De Marseille à Rennes, le réseau de boulangeries Bou'sol mise sur la restauration collective pour structurer des filières locales

Initié à partir de la boulangerie Pain et Partage installée à Marseille, ce réseau de boulangeries solidaires fabrique à destination de la restauration collective du pain bio à partir de matières premières produites et transformées localement. Également présent à Fabrègues, dans l'Hérault, le réseau s'apprête à ouvrir de nouvelles implantations à Rennes, Nice et Issy-Les-Moulineaux. Convaincu que la restauration collective peut impulser la transition alimentaire, le réseau milite pour un meilleur respect de la loi Egalim qui impose plus de bio et de local dans les cantines. Y compris auprès du grand public.
(Crédits : DR)

« Là, ce sont nos deux pétrins amovibles. On arrive, on met l'eau et la farine », montre Aziz, encadrant technique, une casquette verte vissée sur le crâne. « On utilise de la farine T65, de la T80 et d'autres farines pour les pains spéciaux ». Des farines dont les gros sacs sont entreposées dans un coin de l'atelier de production, en provenance du Moulin Picard qui transforme depuis les Alpes-de-Haute-Provence des blés bio cultivés par des agriculteurs locaux.

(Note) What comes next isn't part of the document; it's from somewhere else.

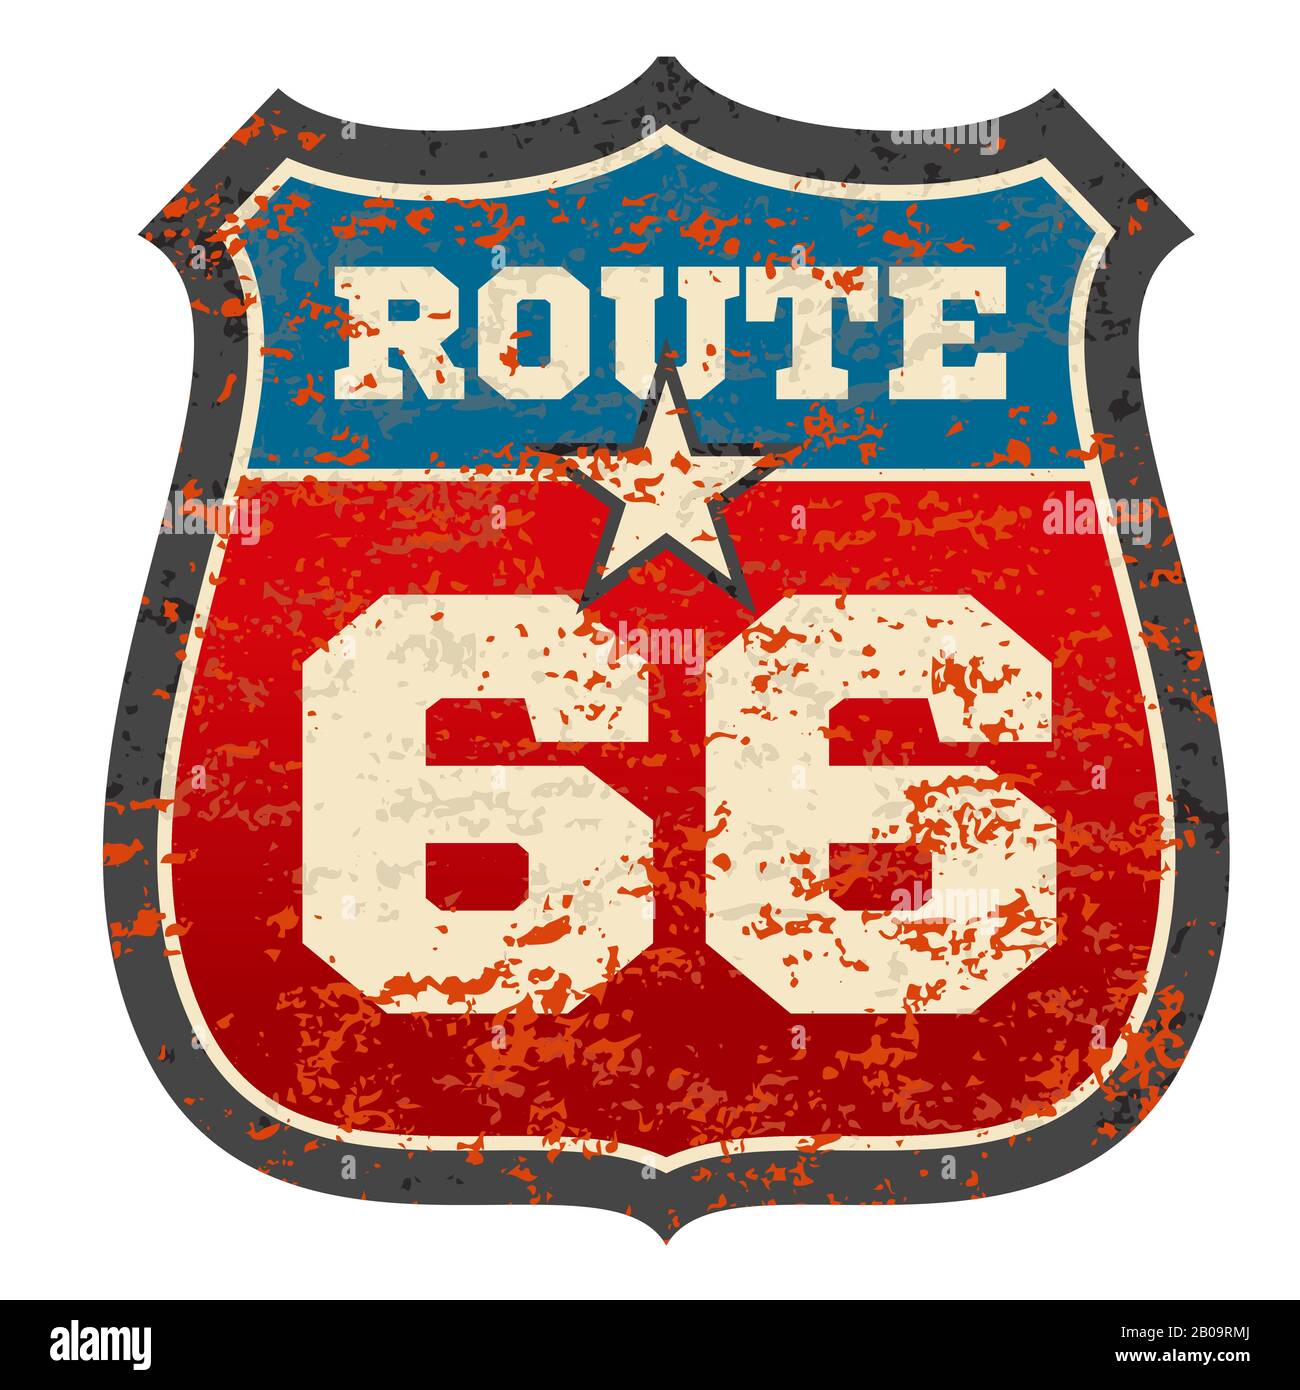 Vintage route 66 panneau de route avec grunge vieilli rouillé texture vecteur illustration. Panneau de signalisation route 66, panneau de route de voyage Illustration de Vecteur
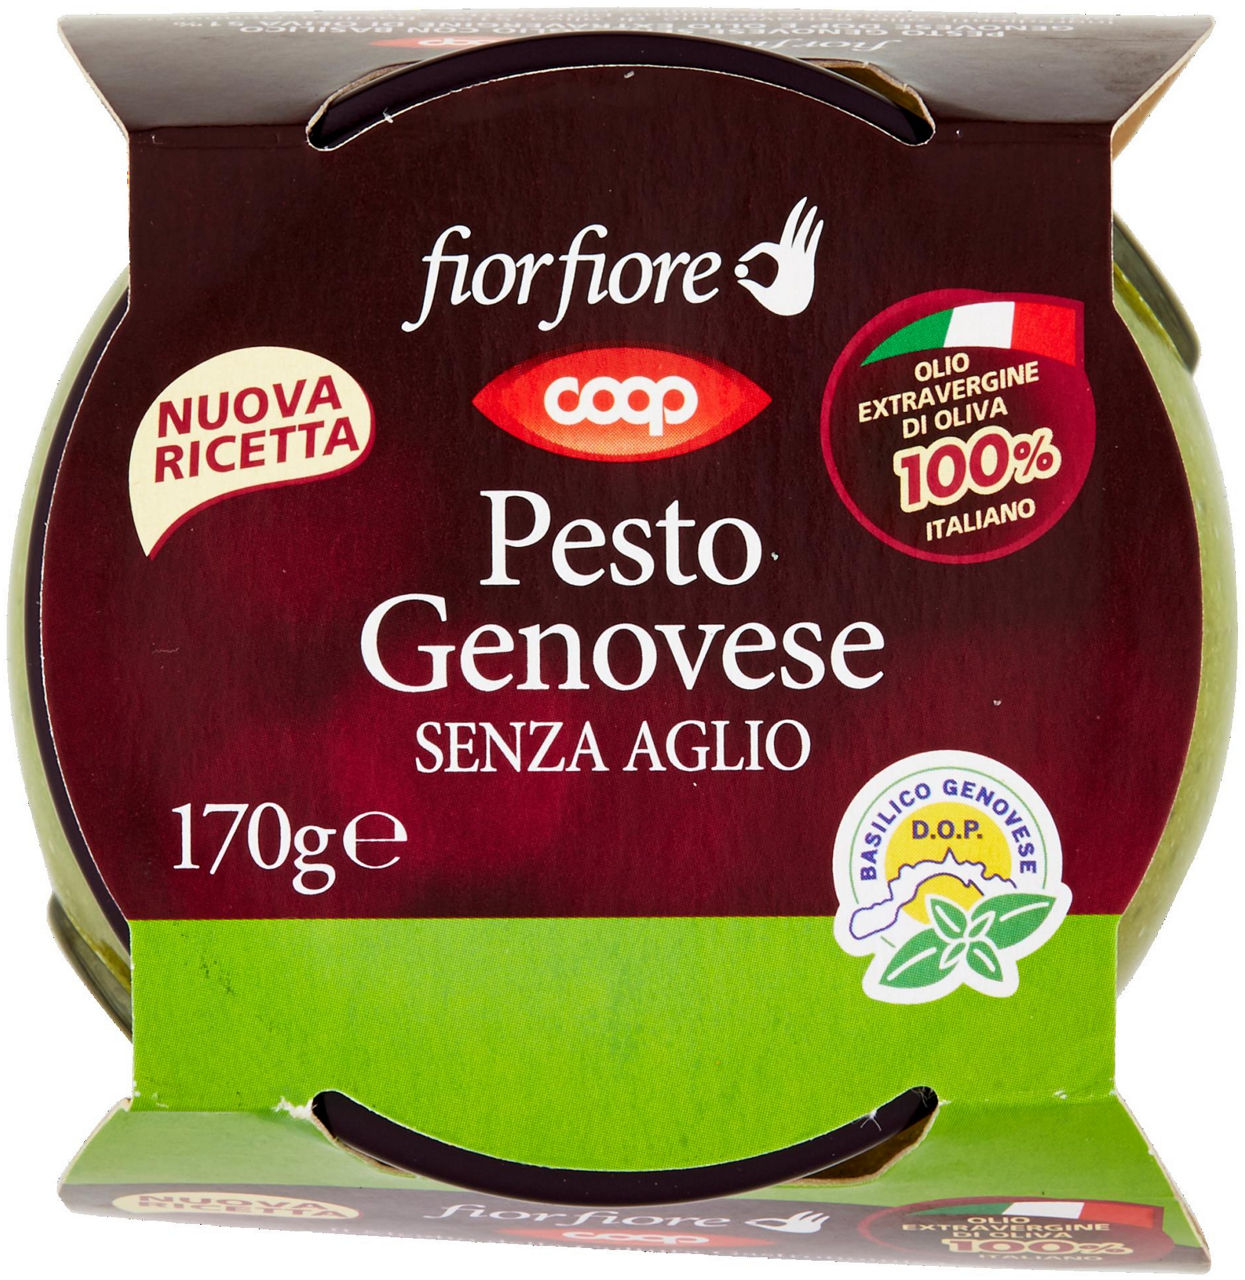 PESTO GENOVESE FIOR FIORE COOP SENZA AGLIO VASETTO VETRO G 170 - 4

Autour d'Aziz, des salariés en contrat d'insertion pour la plupart : 60 sur les 75 salariés que compte l'atelier marseillais. Des personnes souvent très éloignées de l'emploi, embauchées pour un maximum de deux ans.

« Nous accueillons beaucoup de migrants nouvellement arrivés en France : des Afghans, des Soudanais... qui rencontrent des problématiques liées à la langue et à l'environnement sociétal », explique Benjamin Borel, co-gérant de l'atelier et co-fondateur du réseau Bou'sol auquel il appartient.

L'atelier compte dans ses effectifs deux chargées d'accompagnement socio-professionnel qui accueillent ces publics et les aident à lever les freins qui les éloignent du monde du travail. La langue, mais aussi le logement et la mobilité, en lien avec différents partenaires. Et si quelques uns voient leur contrat d'insertion se transformer en CDI, la vocation de Pain et Partage, est surtout, en tant qu'entreprise et chantier d'insertion, de servir de tremplin vers un autre emploi, pérenne, ou vers une formation qualifiante. Un pari réussi dans 65% des cas, dans la boulangerie parfois, mais plus généralement dans d'autres secteurs.

La restauration collective comme débouché

« Ici, poursuit l'encadrant technique en montrant du doigt une machine, c'est le levain. On fait varier la température pour le rafraîchir tous les jours ».

Levain, farine et eau sont mélangés pour la première étape : le fraisage. S'y ajoutent sel, levure et améliorant à base de blé pour le pétrissage qui s'effectue en deux temps. « Là, c'est fini », indique-t-il alors qu'un son strident vient de s'échapper du pétrin. D'une main légère, il saupoudre l'imposante masse d'un jet de farine; « c'est pour donner de la force à la pâte ».

Chaque pétrin - qui contient 200 kg de pâtes - est ensuite défait de son socle est déplacé en chariot afin que son contenu soit transvasé dans des bacs. S'ensuit un séjour en chambre froide pour la journée, avant une découpe la nuit venue.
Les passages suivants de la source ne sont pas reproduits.